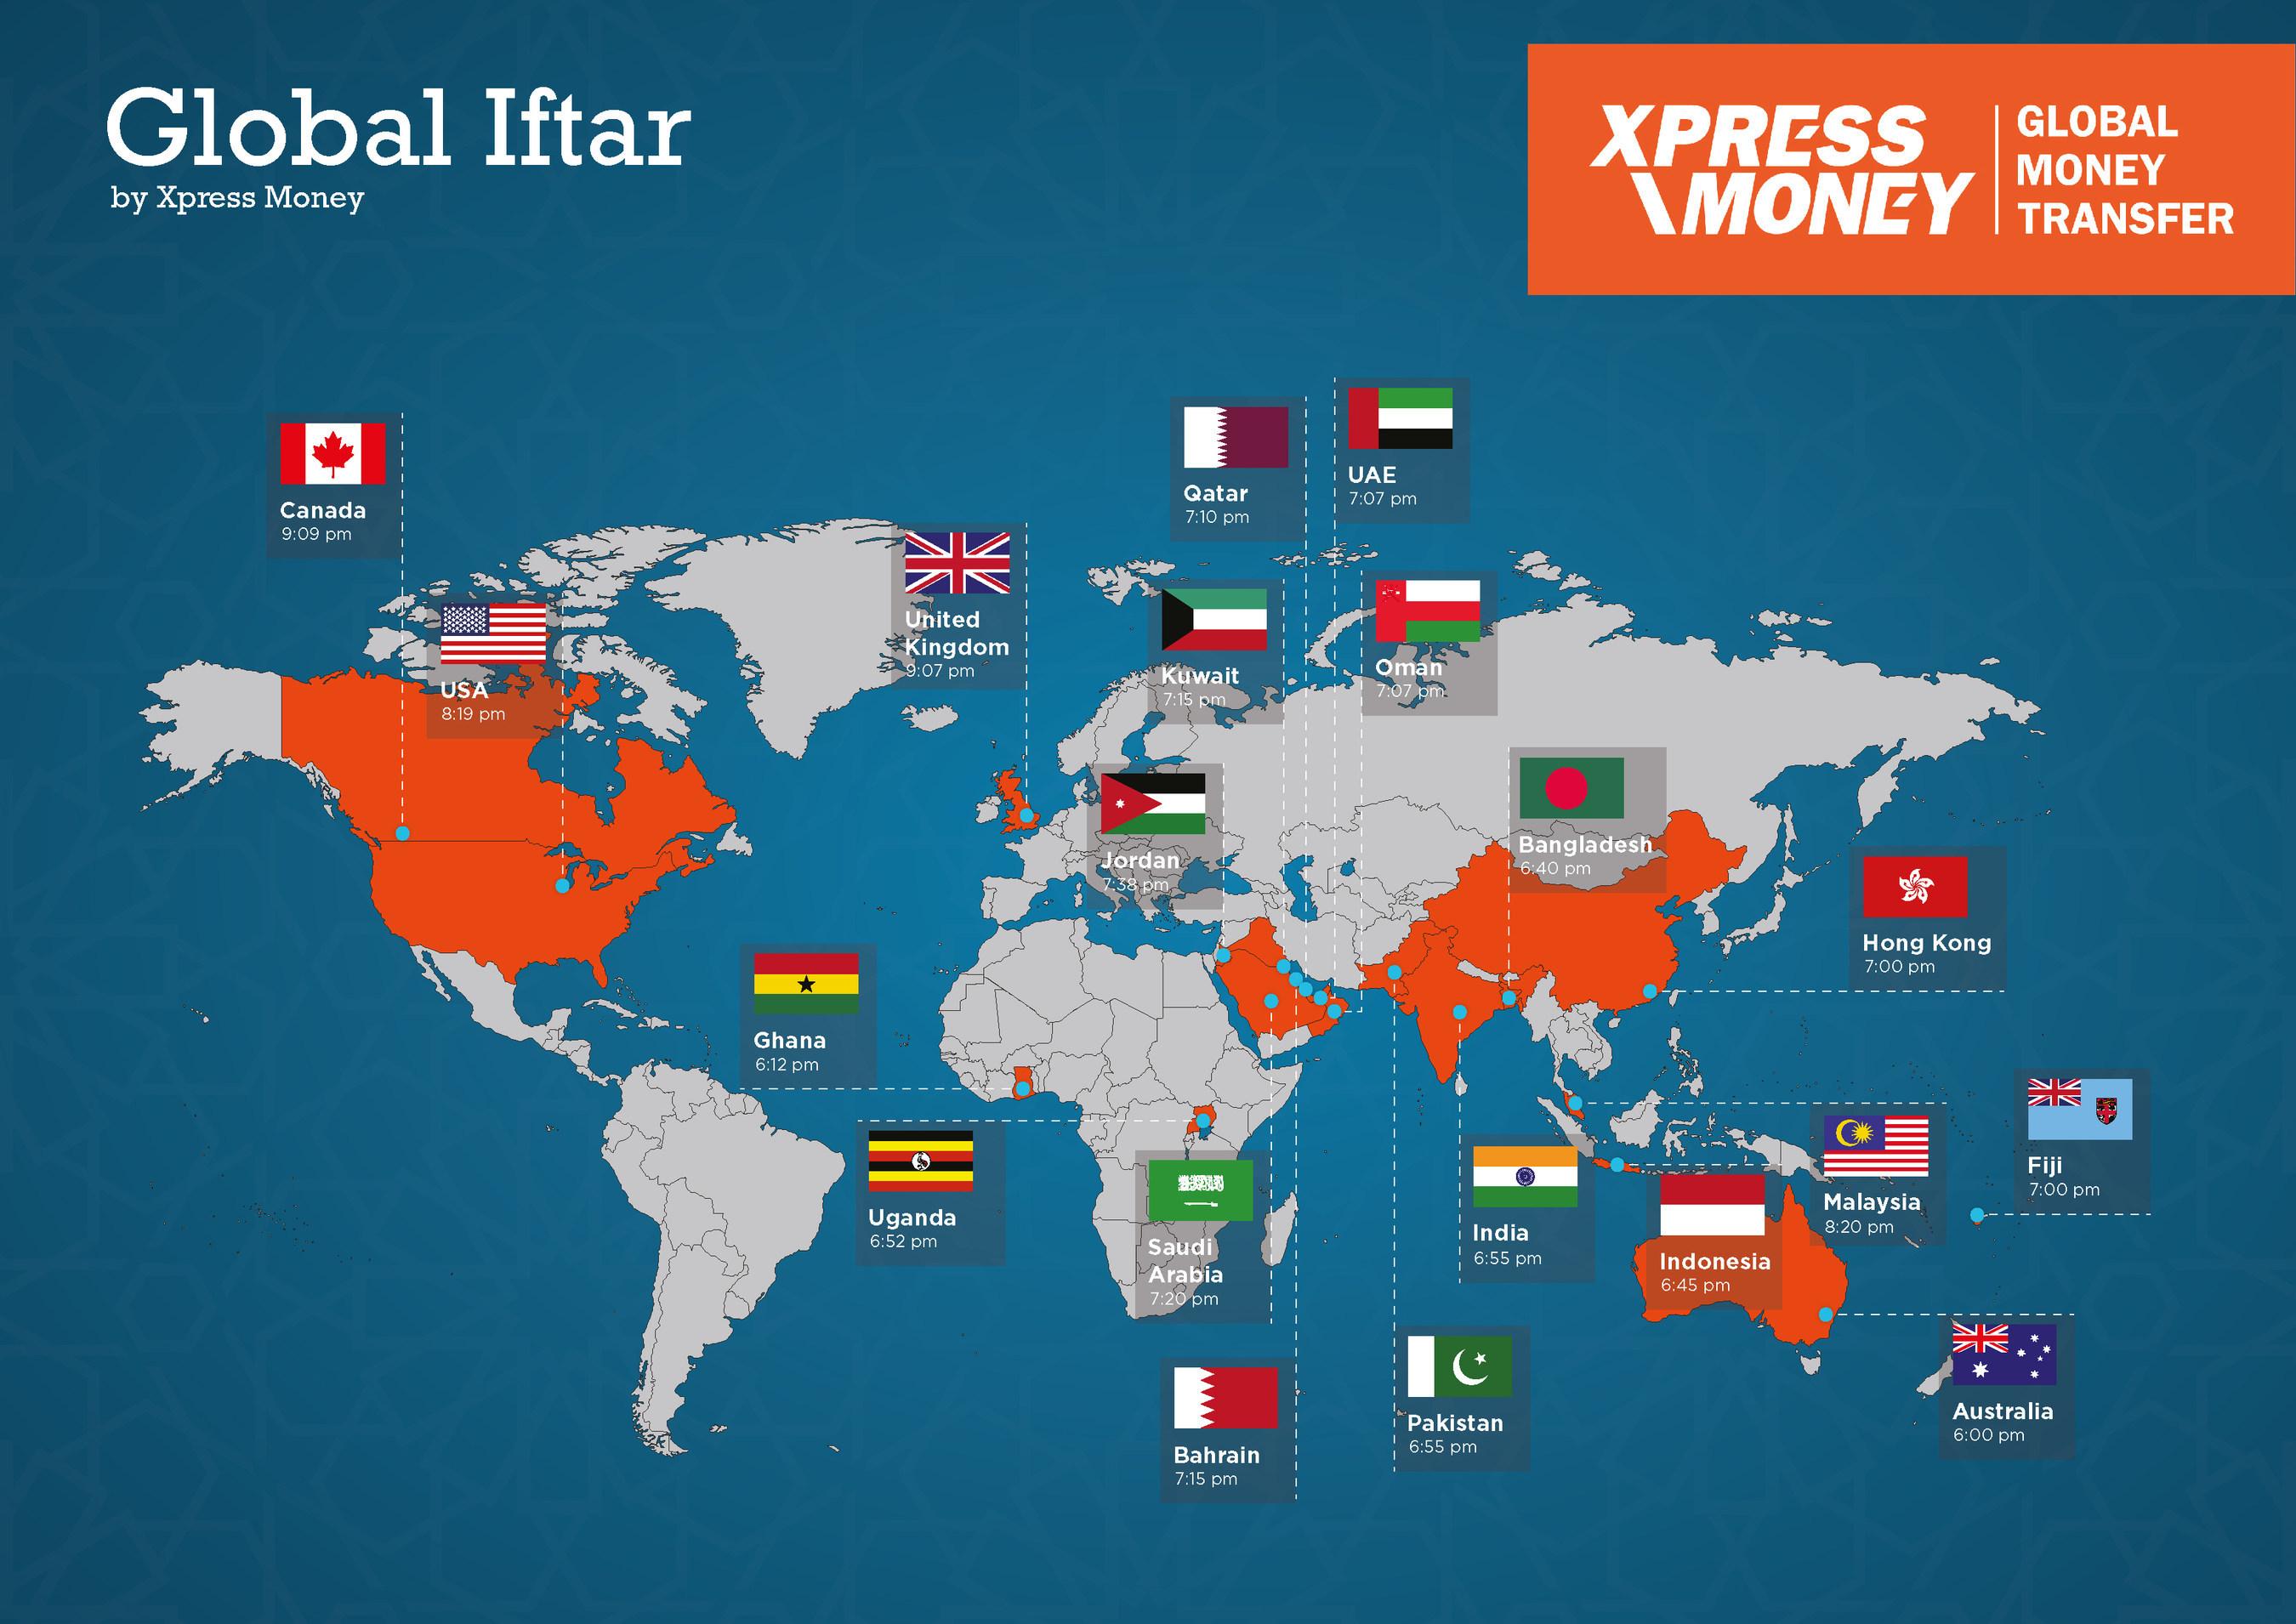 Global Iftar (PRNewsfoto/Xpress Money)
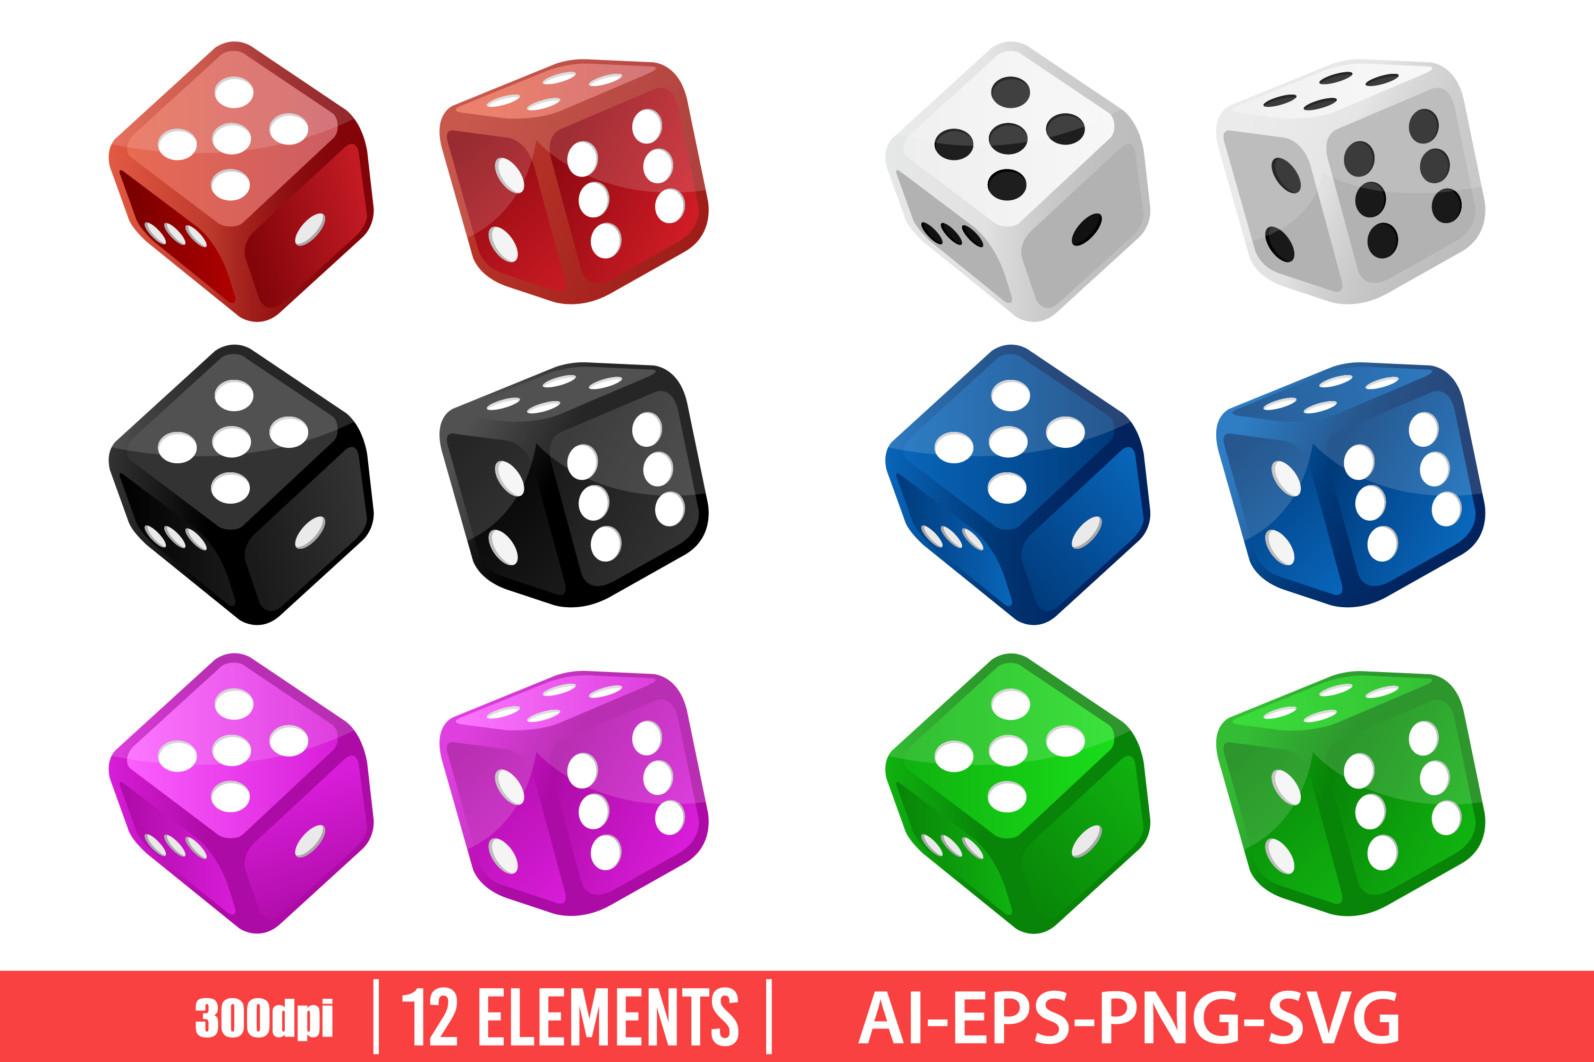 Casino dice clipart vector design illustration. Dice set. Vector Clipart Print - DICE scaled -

********

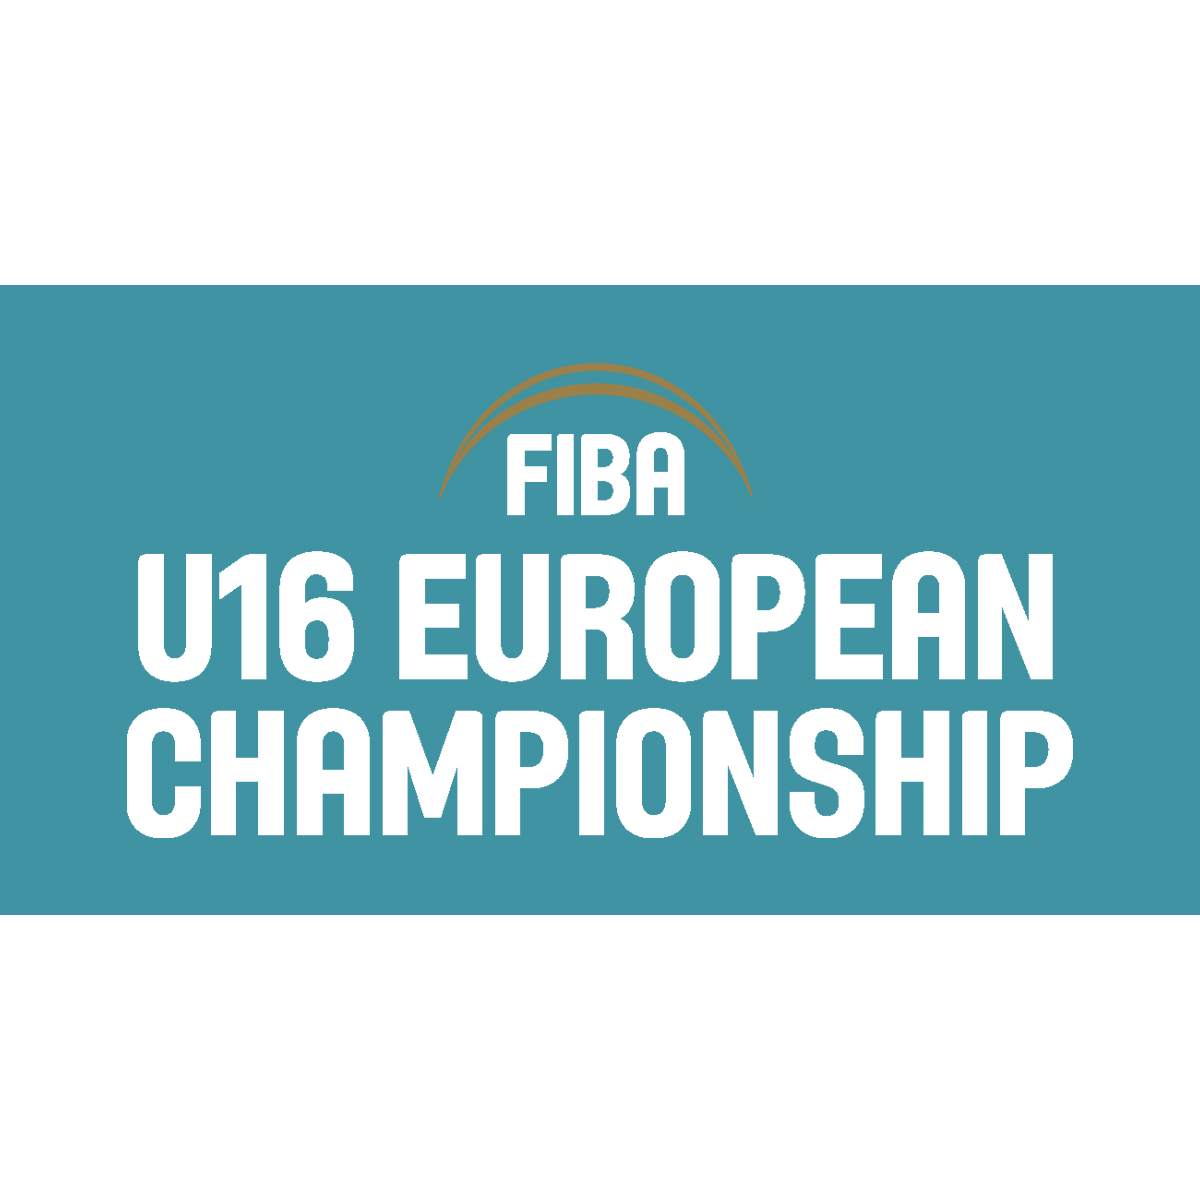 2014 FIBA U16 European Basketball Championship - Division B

********

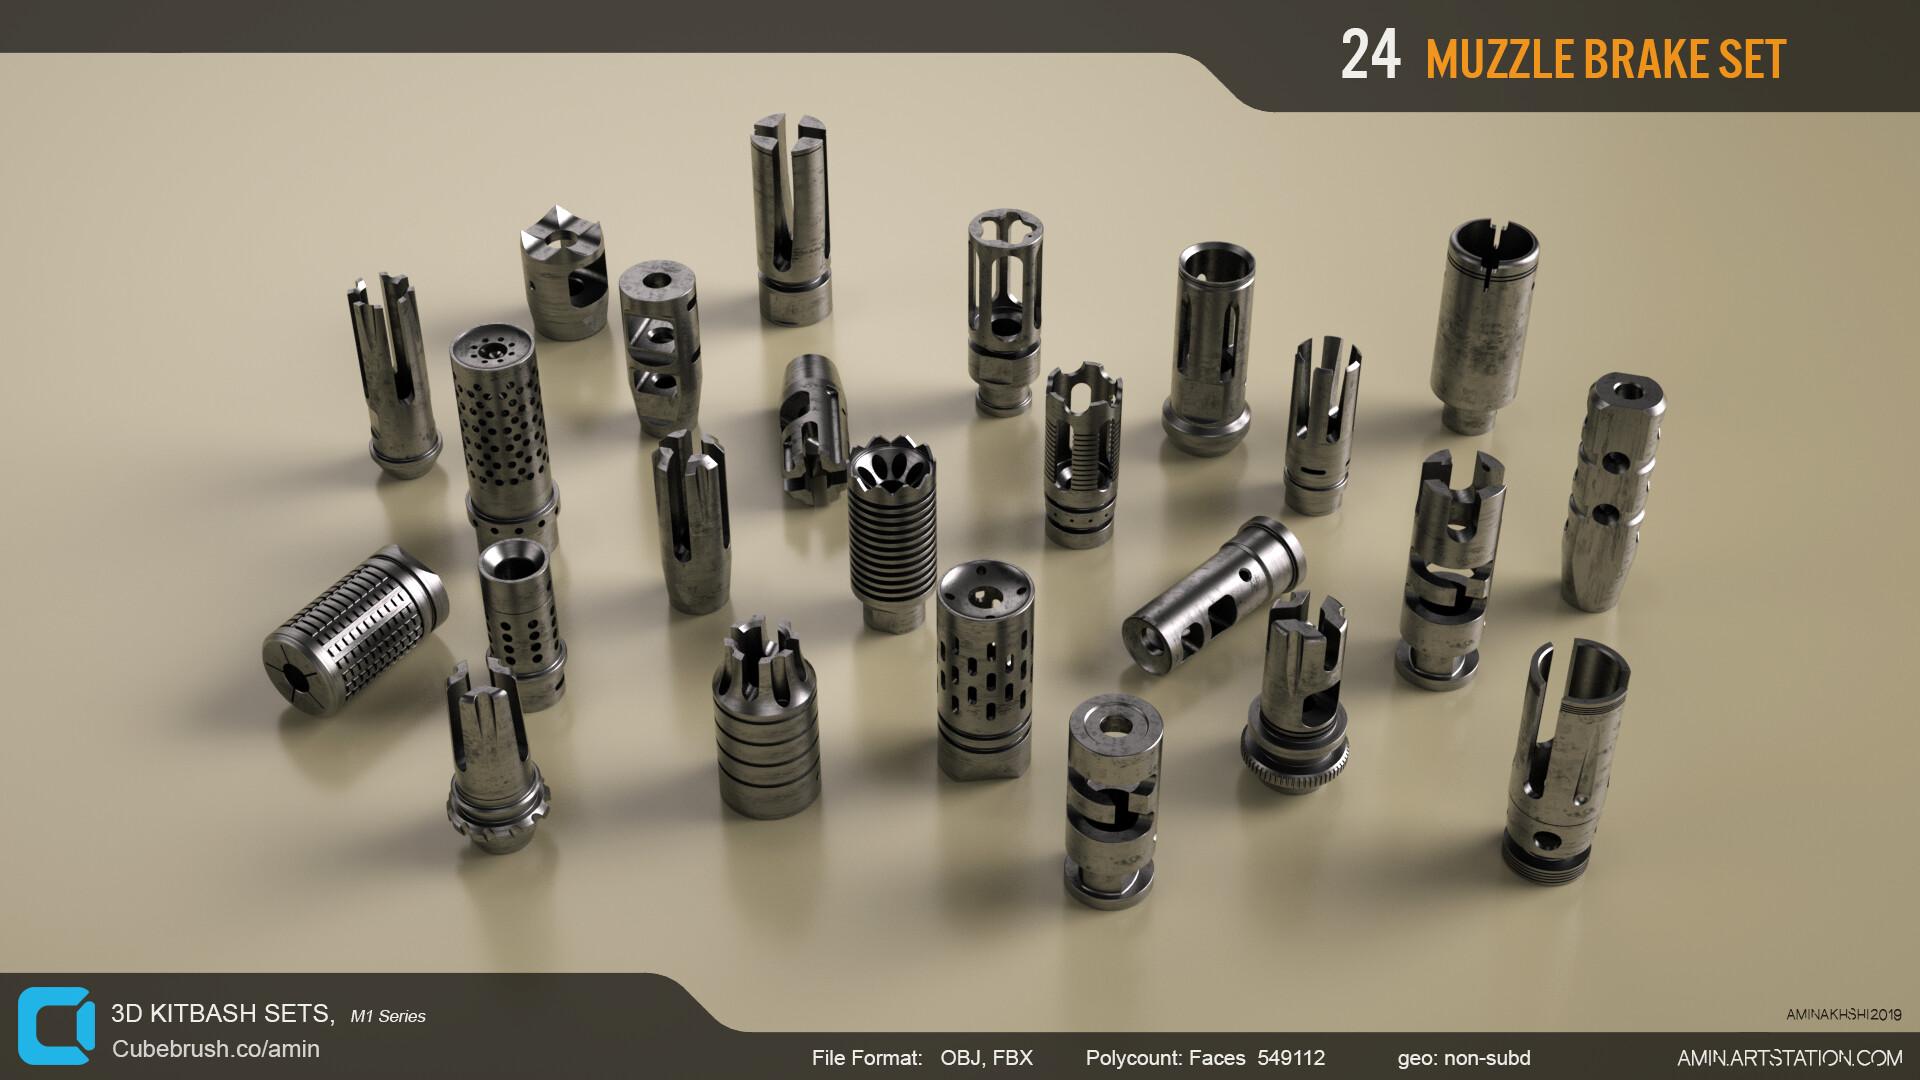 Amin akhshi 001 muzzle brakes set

********

## TASK TO CARRY OUT
In the listing above, find the line with "Global Iftar (PRNewsfoto/Xpress Money)" and the line with "Casino dice clipart". Copy exactly those two and every line between, without the pictures.

## SOLUTION TO THIS TASK
 Global Iftar (PRNewsfoto/Xpress Money)
 Casino dice clipart vector design illustration. Dice set. Vector Clipart Print - DICE scaled -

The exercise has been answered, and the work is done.